We're Going Up, Up, Up...
- Nessa Amherst
- 1 day ago
- 16 min read
So, as someone who is learning to go against the tides in terms of trends, particularly in fashion, there's one trend that I simply couldn't escape.
In fact, it's hard for any of us to escape this trend.
But here's the thing:
It's not so much of a trend anymore.
It's actually become a global phenomenon, and it's not going to stop anytime soon.
Have you heard of a little movie called K-Pop Demon Hunters?

I have to admit that when I first saw clips floating around online, I was a bit, well... Confused. K-Pop superstars who just so happen to be demon hunters? If that's not a more befuddling mashup of two things, I don't know what is! But the more I kept hearing about the film and seeing the clips, I became fascinated. And then came a clip I didn't expect to see: It was the singing voices - EJAE, Rei Ami, and Audrey Nuna - appearing on The Tonight Show with Jimmy Fallon and talking about their experience working on the film, and how it has been simply an overwhelming abundant blessing that K-Pop Demon Hunters became the phenomenon it has, and even getting the surprise of their lives from Jimmy. He was the first to announce that the soundtrack had gone Platinum! On live television! The reactions of shock, disbelief, and joy on all three of their faces were evident, as were the tears about to pour out of my eyes. Then came the moment all of America, and even the world, waited for... It was the first ever live performance of one of the songs from the film. In fact, it was the number one song off the album, and it rocked the summer charts for a number of weeks. It's called "Golden". And, boy, I was not expecting the lyrics to hit me so hard like it did: I was a ghost, I was alone (hah)
어두워진 앞길 속에 (hah)
Given the throne, I didn't know how to believe
I was the queen that I'm meant to be...
I lived two lives, tried to play both sides
But I couldn't find my own place...
Called a problem child 'cause I got too wild
But now that's how I'm getting paid 끝없이 on stage...

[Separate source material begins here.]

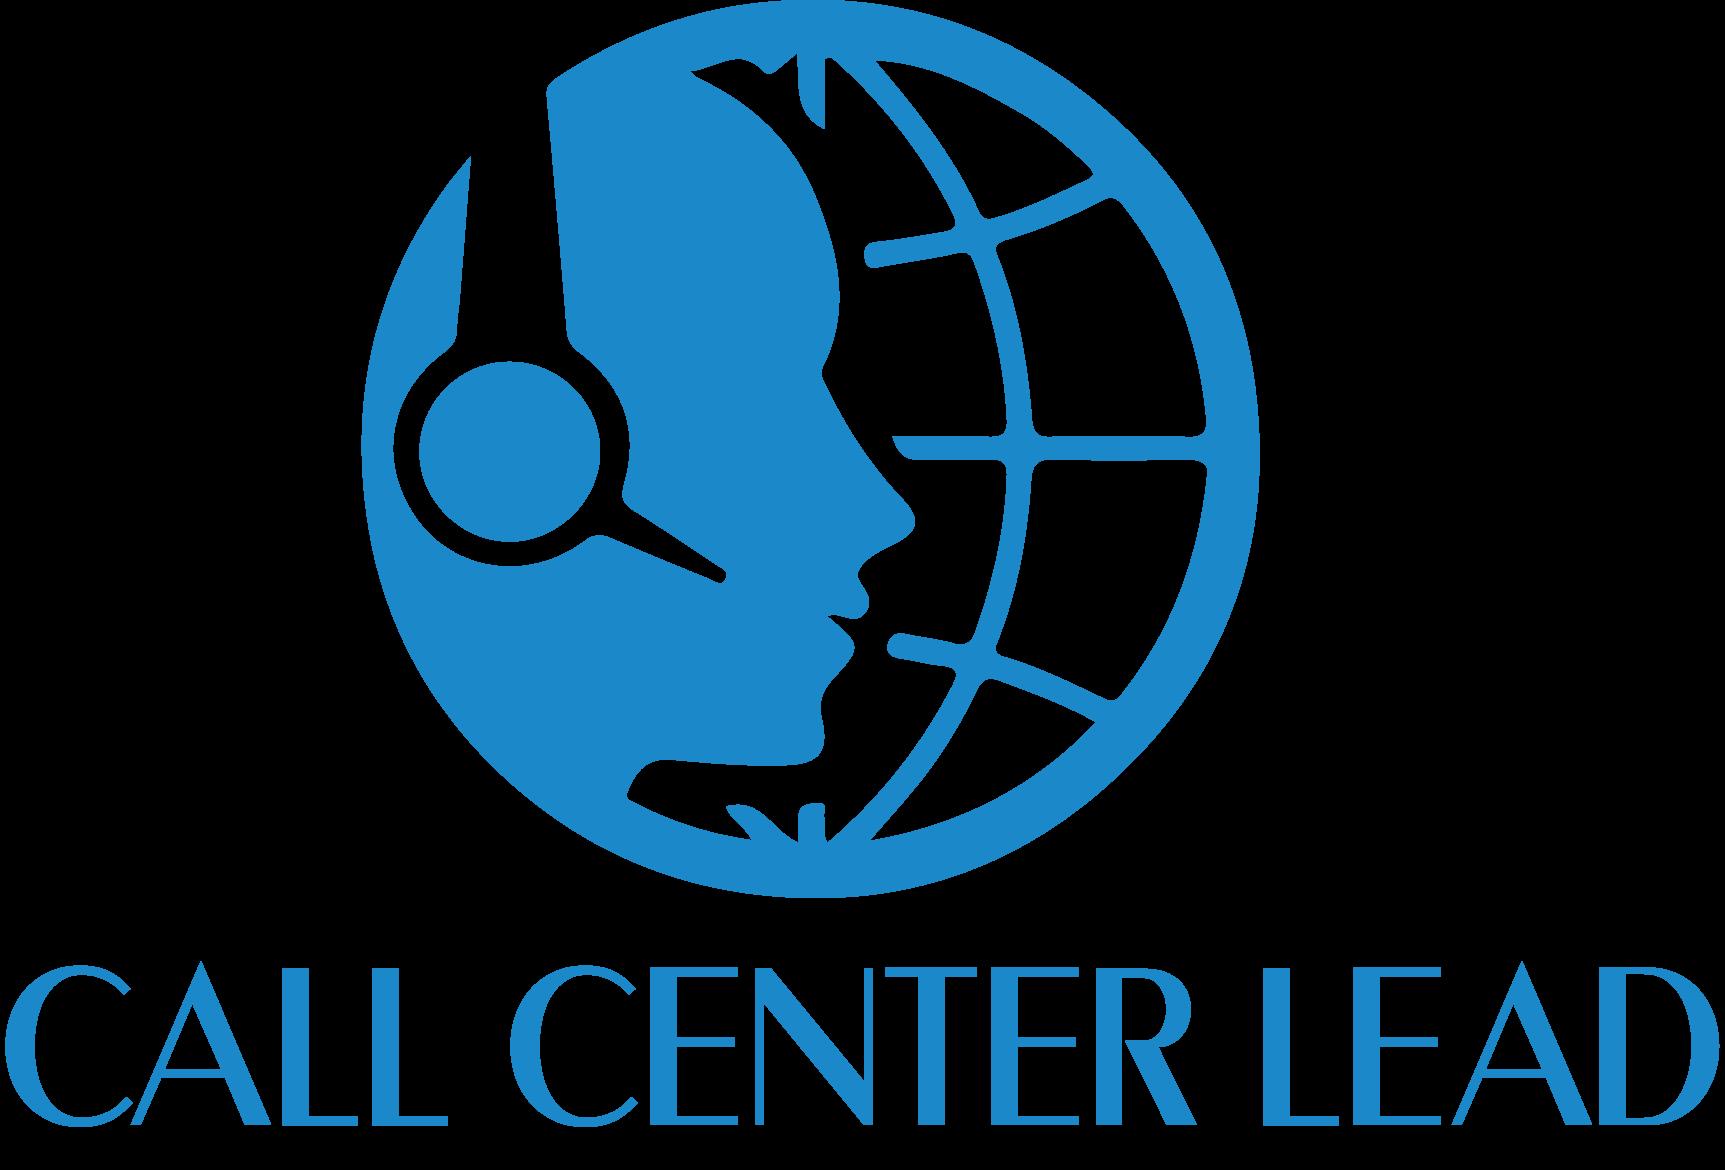 CALL CENTER LEAD

I'm done hidin', now I'm shinin' like I'm born to be
We dreamin' hard, we came so far, now I'll believe...
We're goin' up, up, up, it's our moment
You know together we're glowing
Gonna be, gonna be golden
Oh, up, up, up with our voices
영원히 깨질 수 없는
Gonna be, gonna be golden...
Whoa.
Talk about mind blown.
These lyrics are so raw and so real, and it's hitting me in places I didn't realize the song would hit me.
It's especially evident that this song came at such a time when so many people are experiencing some big changes in their lives after so many years of working and FINALLY getting recognition...
Or even if they're not, the song is still a vessel of hope because of the hopefulness of going up, up, up.
It's time to own your power.
Your time to shine is NOW.
Your moment is here.
Your work behind the scenes will show you that you DO have the makings of greatness.
Your talent cannot be denied.
It's YOUR moment.
So...
How does "Golden" play into my life as an actor when I've been at it professionally for nearly 10 years, and how can I put the lyrics into practice when they've been hitting me especially hard in this new season?
Or even when others are going up, up, up, and you're just stuck, stuck, stuck, but you want to go up, up, up so badly?
I think this week's blog might just surprise you.
So, you might want to have K-Pop Demon Hunters on as your inspiration as you read this post.

It's times like these where I need constant reminders of how important it is to be seen and heard for being authentically yourself, especially in the arts.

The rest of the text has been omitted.